▸ SUPPLIED DATA:

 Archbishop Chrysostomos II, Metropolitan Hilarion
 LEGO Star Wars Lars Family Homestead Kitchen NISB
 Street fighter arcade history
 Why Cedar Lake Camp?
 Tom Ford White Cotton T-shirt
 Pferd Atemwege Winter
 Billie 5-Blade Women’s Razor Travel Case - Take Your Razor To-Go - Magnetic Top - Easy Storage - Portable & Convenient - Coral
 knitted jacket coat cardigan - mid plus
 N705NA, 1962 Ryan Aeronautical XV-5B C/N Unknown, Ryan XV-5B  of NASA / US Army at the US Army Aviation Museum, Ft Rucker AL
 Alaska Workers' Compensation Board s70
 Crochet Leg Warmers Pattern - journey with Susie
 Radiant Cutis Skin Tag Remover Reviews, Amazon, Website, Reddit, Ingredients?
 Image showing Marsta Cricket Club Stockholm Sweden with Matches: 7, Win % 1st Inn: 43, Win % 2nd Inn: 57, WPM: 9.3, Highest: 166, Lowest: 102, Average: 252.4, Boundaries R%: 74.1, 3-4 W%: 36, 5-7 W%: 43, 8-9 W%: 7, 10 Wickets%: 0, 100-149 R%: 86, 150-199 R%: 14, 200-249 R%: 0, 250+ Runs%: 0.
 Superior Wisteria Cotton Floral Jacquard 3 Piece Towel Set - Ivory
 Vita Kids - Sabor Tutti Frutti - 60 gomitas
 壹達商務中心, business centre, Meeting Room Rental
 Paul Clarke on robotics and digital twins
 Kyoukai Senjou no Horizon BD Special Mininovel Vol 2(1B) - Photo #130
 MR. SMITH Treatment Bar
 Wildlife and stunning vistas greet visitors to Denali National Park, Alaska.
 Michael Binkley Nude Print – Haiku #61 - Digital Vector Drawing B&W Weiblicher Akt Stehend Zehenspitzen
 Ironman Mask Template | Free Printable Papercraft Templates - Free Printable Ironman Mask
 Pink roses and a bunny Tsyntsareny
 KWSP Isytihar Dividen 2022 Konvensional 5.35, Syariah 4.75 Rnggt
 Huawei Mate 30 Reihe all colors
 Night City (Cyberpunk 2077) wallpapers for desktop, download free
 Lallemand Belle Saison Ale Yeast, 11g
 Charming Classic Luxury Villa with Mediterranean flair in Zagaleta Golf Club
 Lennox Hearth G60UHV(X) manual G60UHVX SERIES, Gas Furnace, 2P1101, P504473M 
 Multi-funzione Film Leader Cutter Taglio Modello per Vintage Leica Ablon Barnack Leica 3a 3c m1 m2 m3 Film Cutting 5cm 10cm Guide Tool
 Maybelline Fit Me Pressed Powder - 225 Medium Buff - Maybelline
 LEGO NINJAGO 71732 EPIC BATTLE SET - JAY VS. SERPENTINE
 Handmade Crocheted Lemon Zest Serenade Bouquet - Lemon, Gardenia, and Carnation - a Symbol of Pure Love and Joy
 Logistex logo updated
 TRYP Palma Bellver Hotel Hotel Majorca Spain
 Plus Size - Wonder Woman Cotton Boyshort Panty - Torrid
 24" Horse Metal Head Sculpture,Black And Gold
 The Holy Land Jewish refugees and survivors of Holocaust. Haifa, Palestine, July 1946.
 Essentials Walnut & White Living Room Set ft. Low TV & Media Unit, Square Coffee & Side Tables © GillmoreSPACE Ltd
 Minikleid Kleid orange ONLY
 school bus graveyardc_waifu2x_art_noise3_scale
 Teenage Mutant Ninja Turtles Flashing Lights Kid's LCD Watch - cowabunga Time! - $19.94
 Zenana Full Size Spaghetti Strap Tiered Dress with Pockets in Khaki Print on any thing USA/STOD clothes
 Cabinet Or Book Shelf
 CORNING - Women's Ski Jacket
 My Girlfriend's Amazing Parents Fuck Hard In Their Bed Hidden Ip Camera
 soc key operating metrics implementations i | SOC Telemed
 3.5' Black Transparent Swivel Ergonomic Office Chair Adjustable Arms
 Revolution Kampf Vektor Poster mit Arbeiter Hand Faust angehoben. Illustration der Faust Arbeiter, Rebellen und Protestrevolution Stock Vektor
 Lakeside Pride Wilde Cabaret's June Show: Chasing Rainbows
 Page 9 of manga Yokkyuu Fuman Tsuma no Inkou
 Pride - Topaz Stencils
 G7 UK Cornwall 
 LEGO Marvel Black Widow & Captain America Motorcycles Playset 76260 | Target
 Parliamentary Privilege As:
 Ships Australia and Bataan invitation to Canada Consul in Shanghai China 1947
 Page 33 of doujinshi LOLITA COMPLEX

▸ EXERCISE: Please output exactly the lines between the one holding "LEGO Star Wars" and the one holding "Vita Kids - Sabor Tutti Frutti - 60 gomitas" in the records above, inclusive, and nothing more.

▸ WRITTEN REPLY:
 LEGO Star Wars Lars Family Homestead Kitchen NISB
 Street fighter arcade history
 Why Cedar Lake Camp?
 Tom Ford White Cotton T-shirt
 Pferd Atemwege Winter
 Billie 5-Blade Women’s Razor Travel Case - Take Your Razor To-Go - Magnetic Top - Easy Storage - Portable & Convenient - Coral
 knitted jacket coat cardigan - mid plus
 N705NA, 1962 Ryan Aeronautical XV-5B C/N Unknown, Ryan XV-5B  of NASA / US Army at the US Army Aviation Museum, Ft Rucker AL
 Alaska Workers' Compensation Board s70
 Crochet Leg Warmers Pattern - journey with Susie
 Radiant Cutis Skin Tag Remover Reviews, Amazon, Website, Reddit, Ingredients?
 Image showing Marsta Cricket Club Stockholm Sweden with Matches: 7, Win % 1st Inn: 43, Win % 2nd Inn: 57, WPM: 9.3, Highest: 166, Lowest: 102, Average: 252.4, Boundaries R%: 74.1, 3-4 W%: 36, 5-7 W%: 43, 8-9 W%: 7, 10 Wickets%: 0, 100-149 R%: 86, 150-199 R%: 14, 200-249 R%: 0, 250+ Runs%: 0.
 Superior Wisteria Cotton Floral Jacquard 3 Piece Towel Set - Ivory
 Vita Kids - Sabor Tutti Frutti - 60 gomitas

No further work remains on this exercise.